__Task requirements__
Scan the records below for the line with "Enjoy the uplifting" and the line with "a red mercedes", and retype that range exactly, both ends included, pictures excepted.

__Records to process__
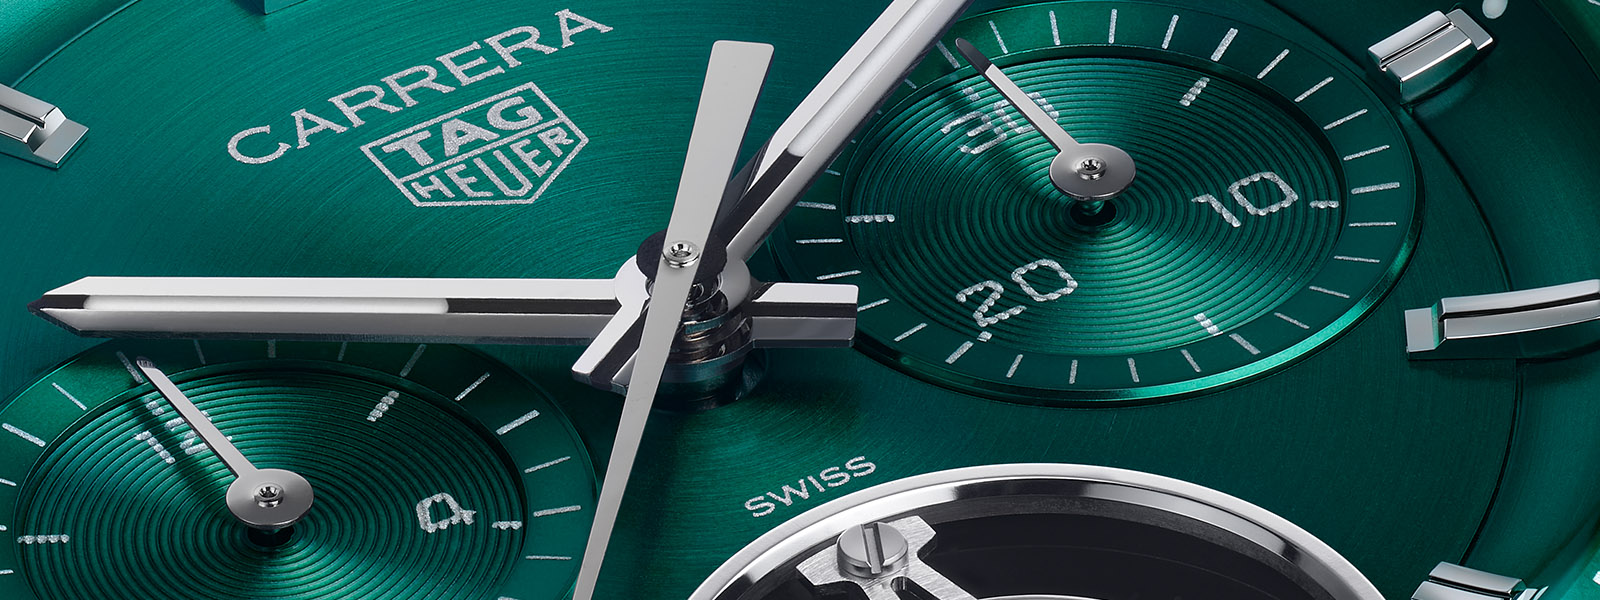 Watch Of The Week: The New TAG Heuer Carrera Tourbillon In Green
--
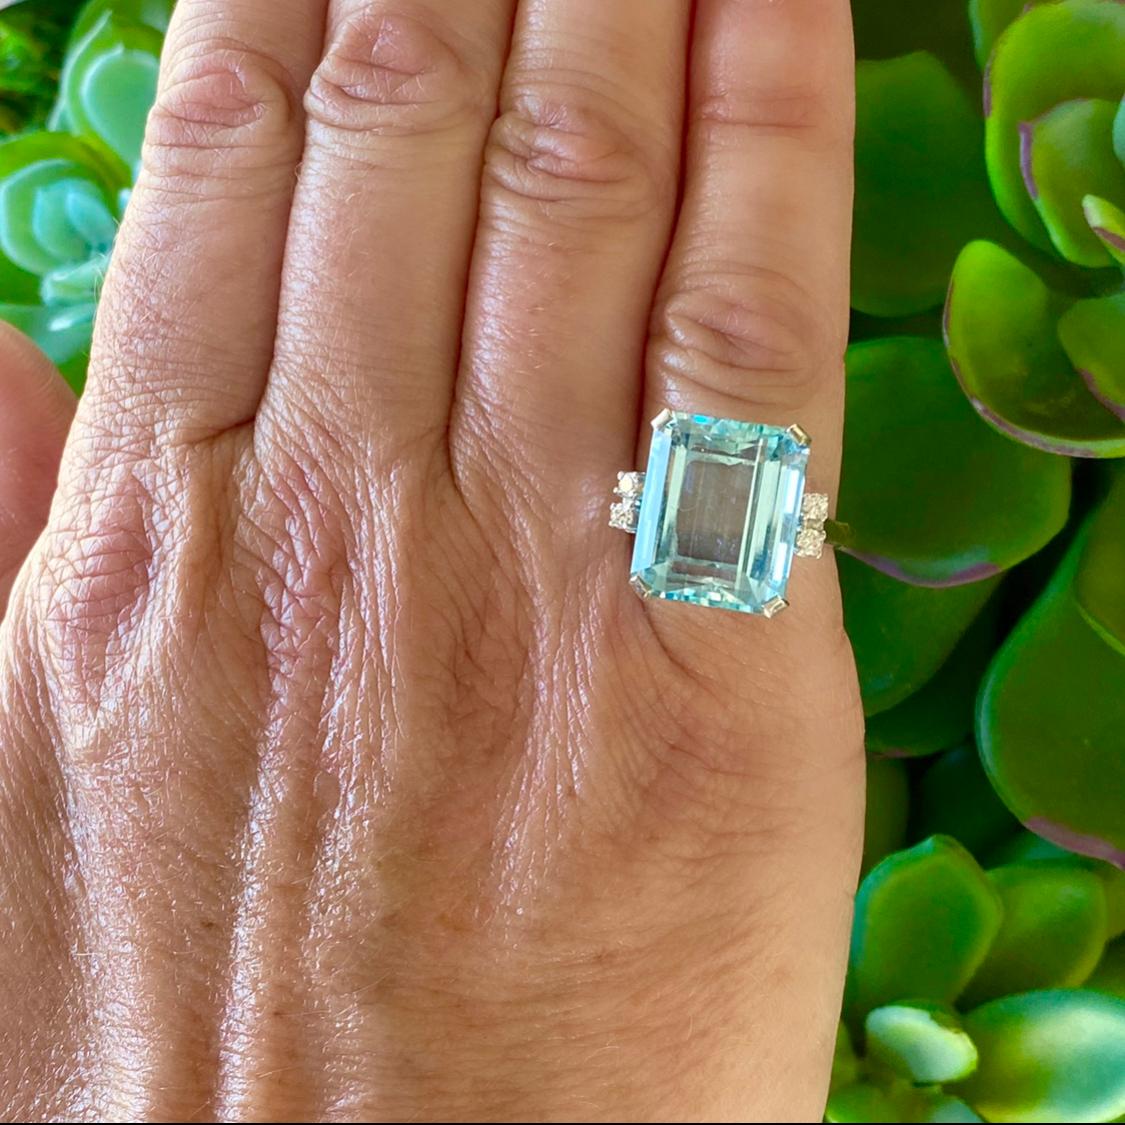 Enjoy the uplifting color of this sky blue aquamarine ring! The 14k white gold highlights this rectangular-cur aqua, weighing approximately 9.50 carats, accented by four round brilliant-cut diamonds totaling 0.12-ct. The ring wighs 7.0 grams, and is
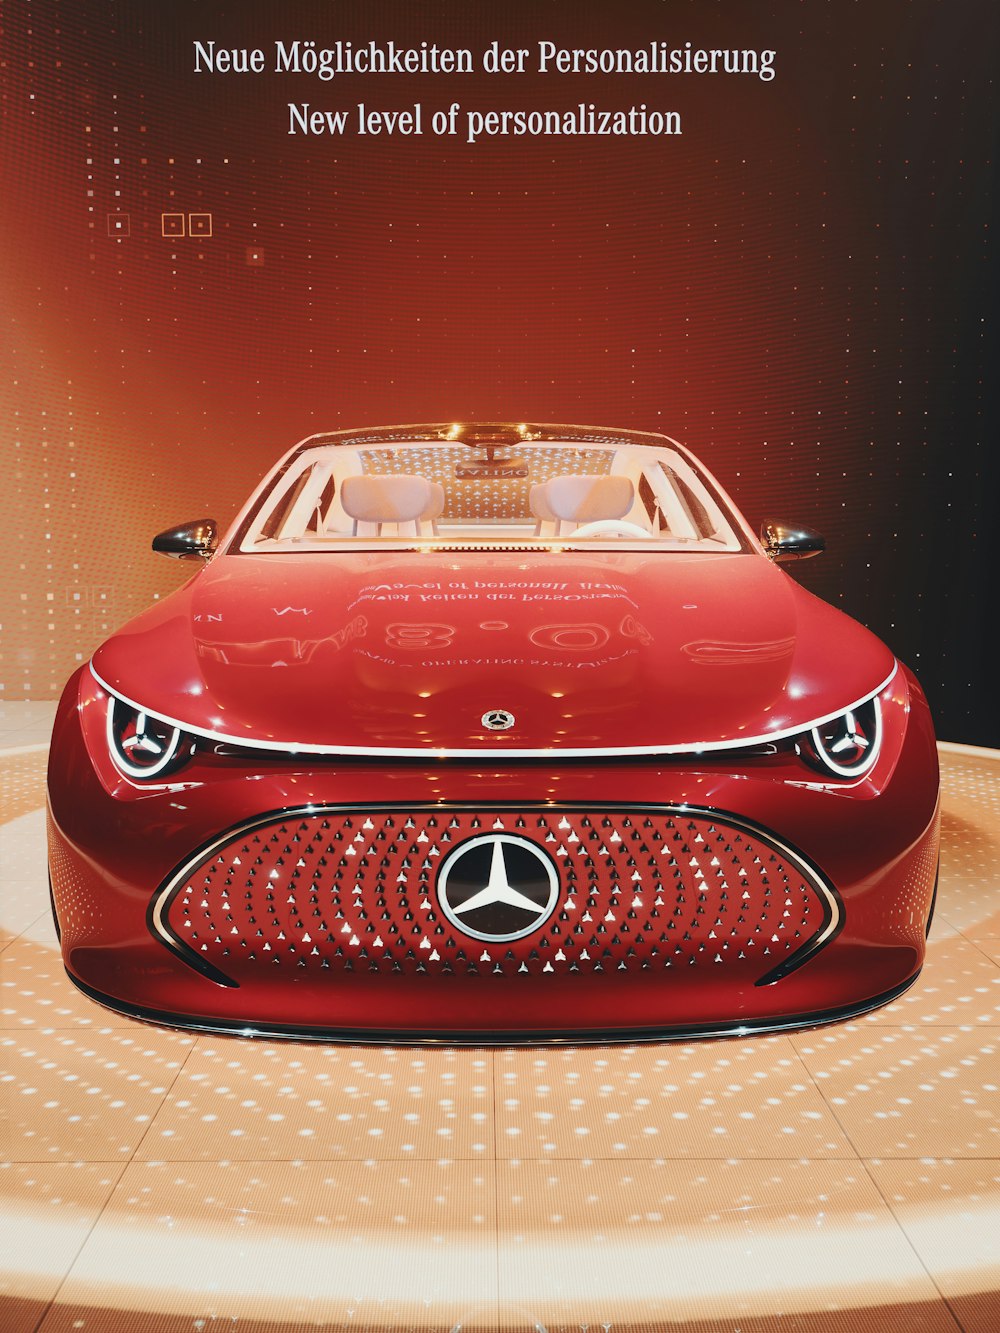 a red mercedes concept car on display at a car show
* * *
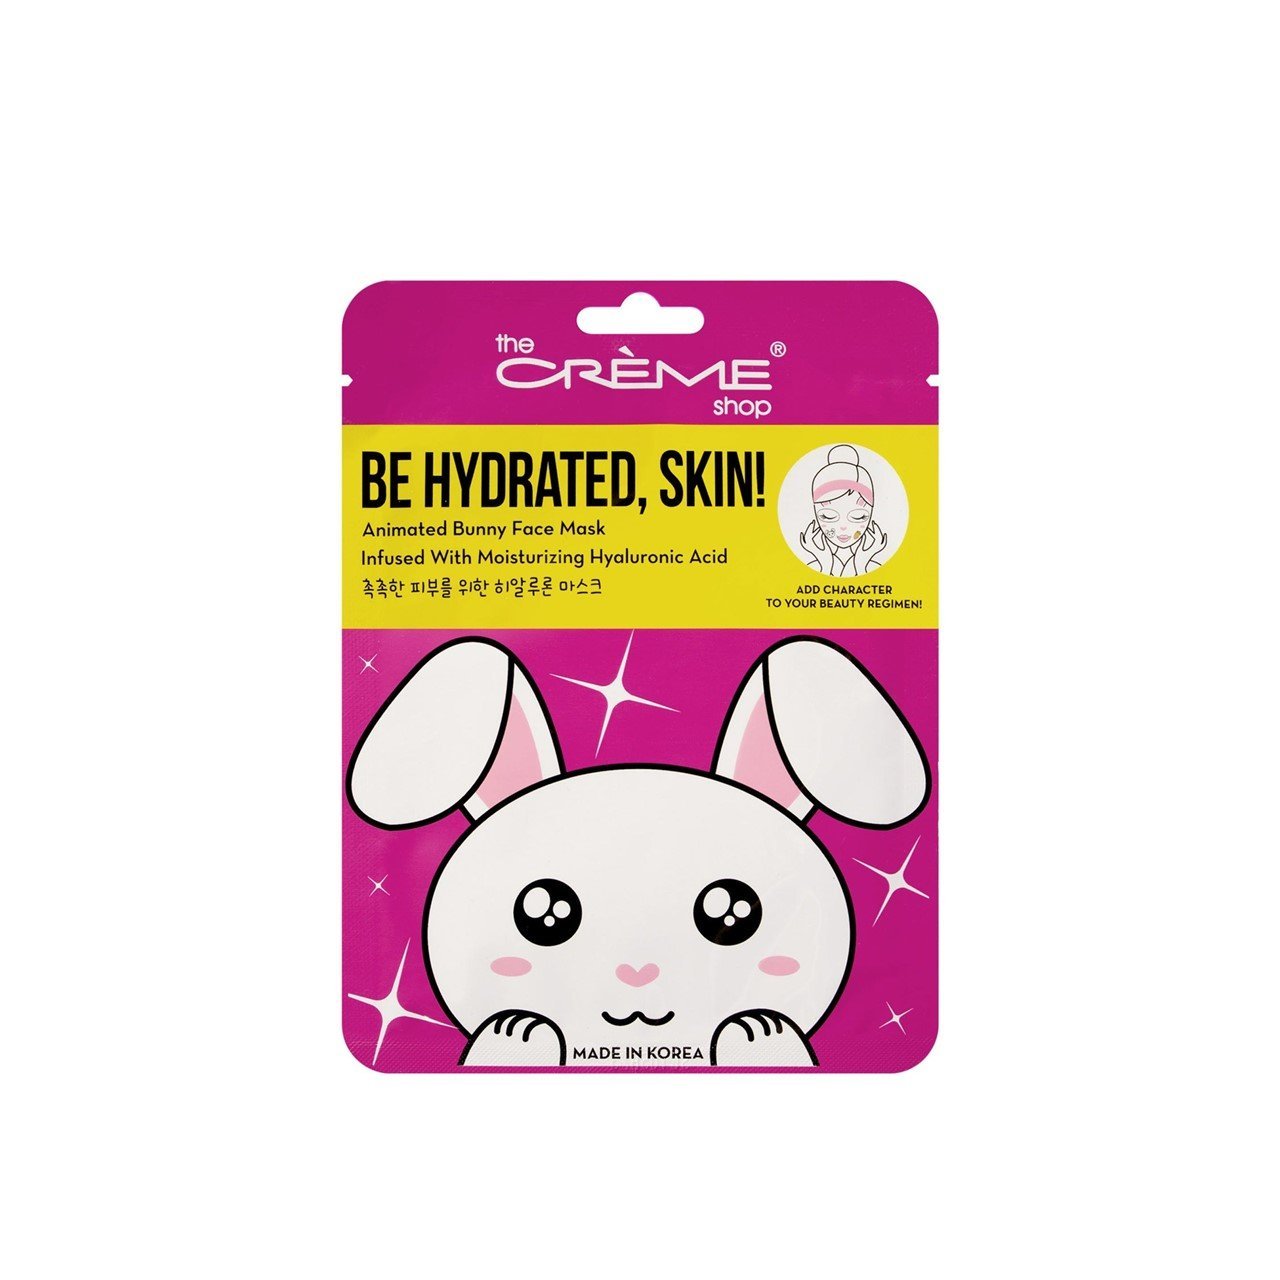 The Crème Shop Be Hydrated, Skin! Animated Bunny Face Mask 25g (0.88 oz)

__Result of this task__
 Enjoy the uplifting color of this sky blue aquamarine ring! The 14k white gold highlights this rectangular-cur aqua, weighing approximately 9.50 carats, accented by four round brilliant-cut diamonds totaling 0.12-ct. The ring wighs 7.0 grams, and is
 a red mercedes concept car on display at a car show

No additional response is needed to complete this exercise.